An emerging strand of work aims to address all of these challenges in one stroke is by automating a greater portion of the full data science pipeline. This workshop will bring together experts in machine learning, data mining, databases and statistics to discuss the challenges that arise in the full end-to-end process of collecting data, analysing data, and making decisions and building new methods that support, whether in an automated or semi-automated way, more of the full process of analysing real data.
Considering the full process of data science raises interesting questions for discussion, such as: What aspects of data analysis might potentially be automated and what aspects seem more difficult? Statistical model building often emphasizes interpretability and human understanding, while machine learning often emphasizes predictive modeling --- are ML methods truly suitable for supporting the full data analysis pipeline? Do recent advances in ML offer help here? Finally, are there low hanging fruit, i.e., how much time is wasted on routine tasks in scientific data analysis that could be automated?
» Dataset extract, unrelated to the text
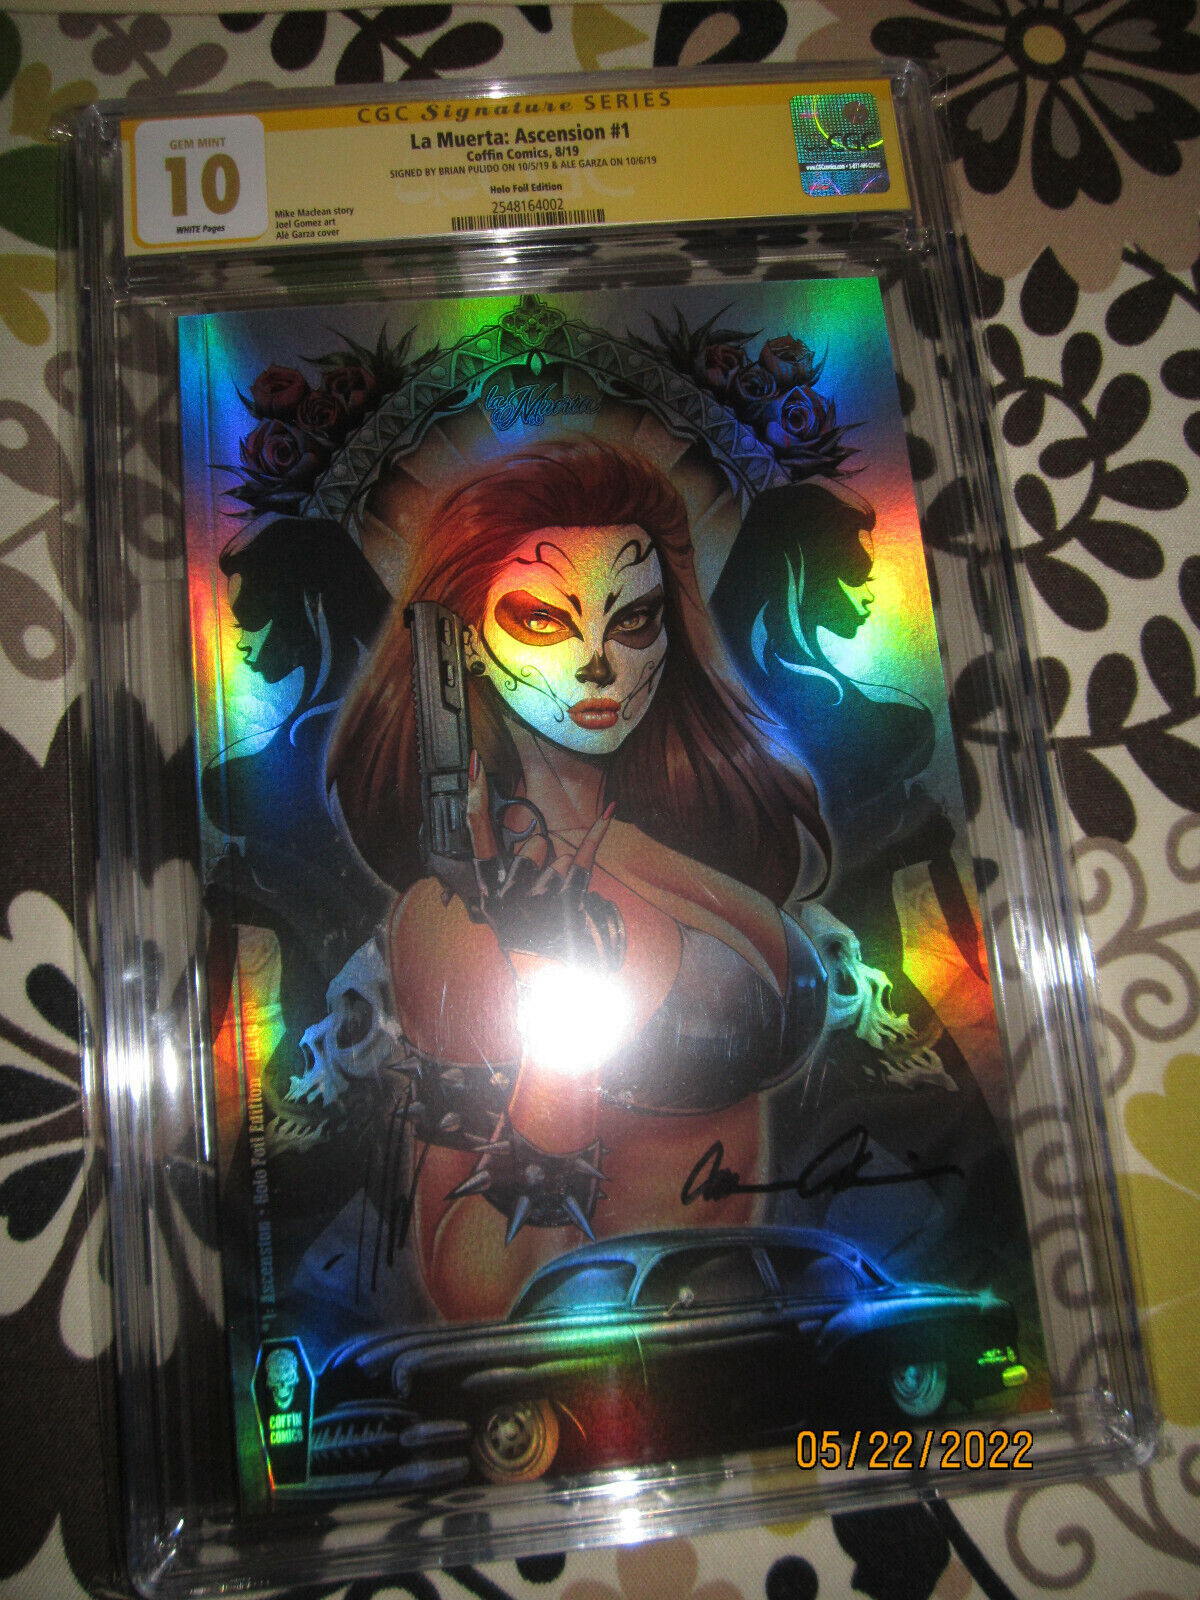 CGC 10.0 SS 10 LA MUERTA 1 ASCENSION SIGNED ALE GARZA HOLO FOIL UP FROM 9.8 9.9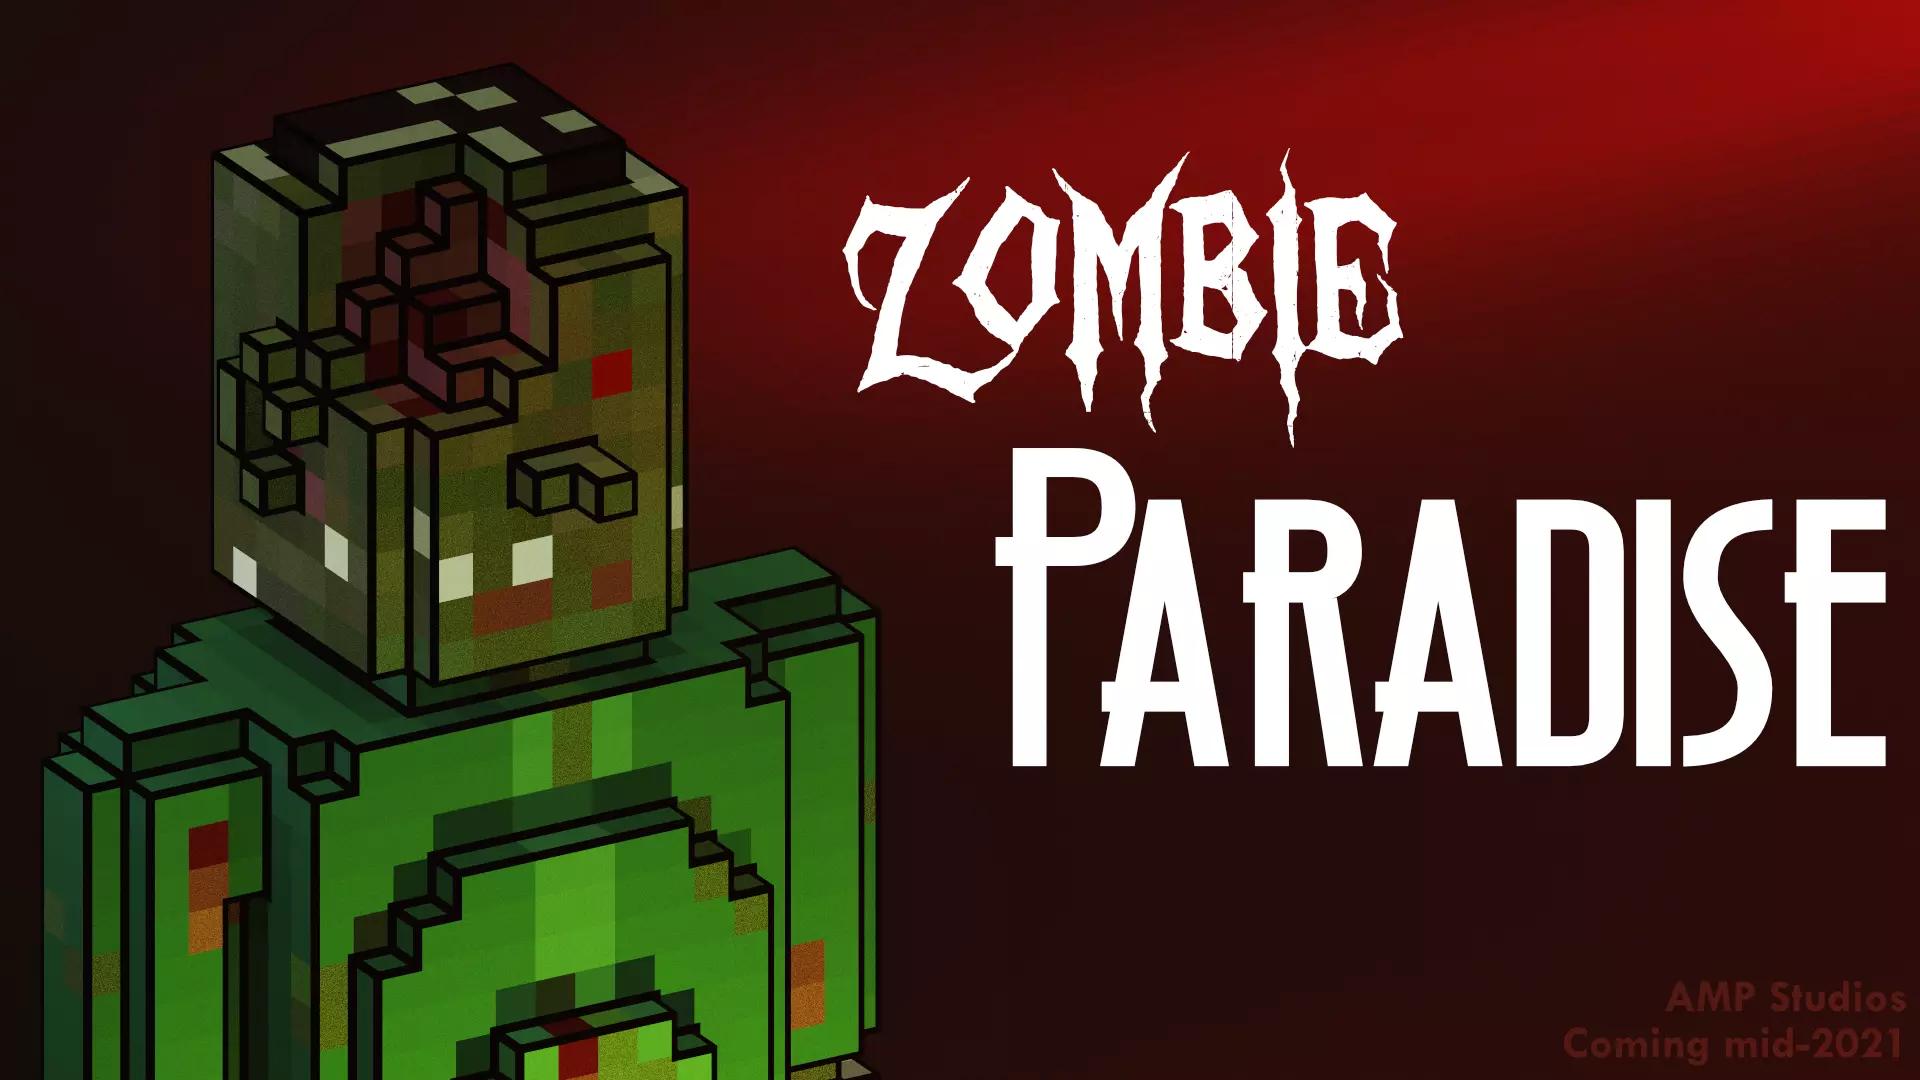 icon of my zombie paradise game project

Specific topics of interest include: data cleaning, exploratory data analysis, semi-supervised learning, active learning, interactive machine learning, model criticism, automated and semi-automated model construction, usable machine learning, interpretable prediction methods and automatic methods to explain predictions. We are especially interested in contributions that take a broader perspective, i.e., that aim toward supporting the process of data science more holistically.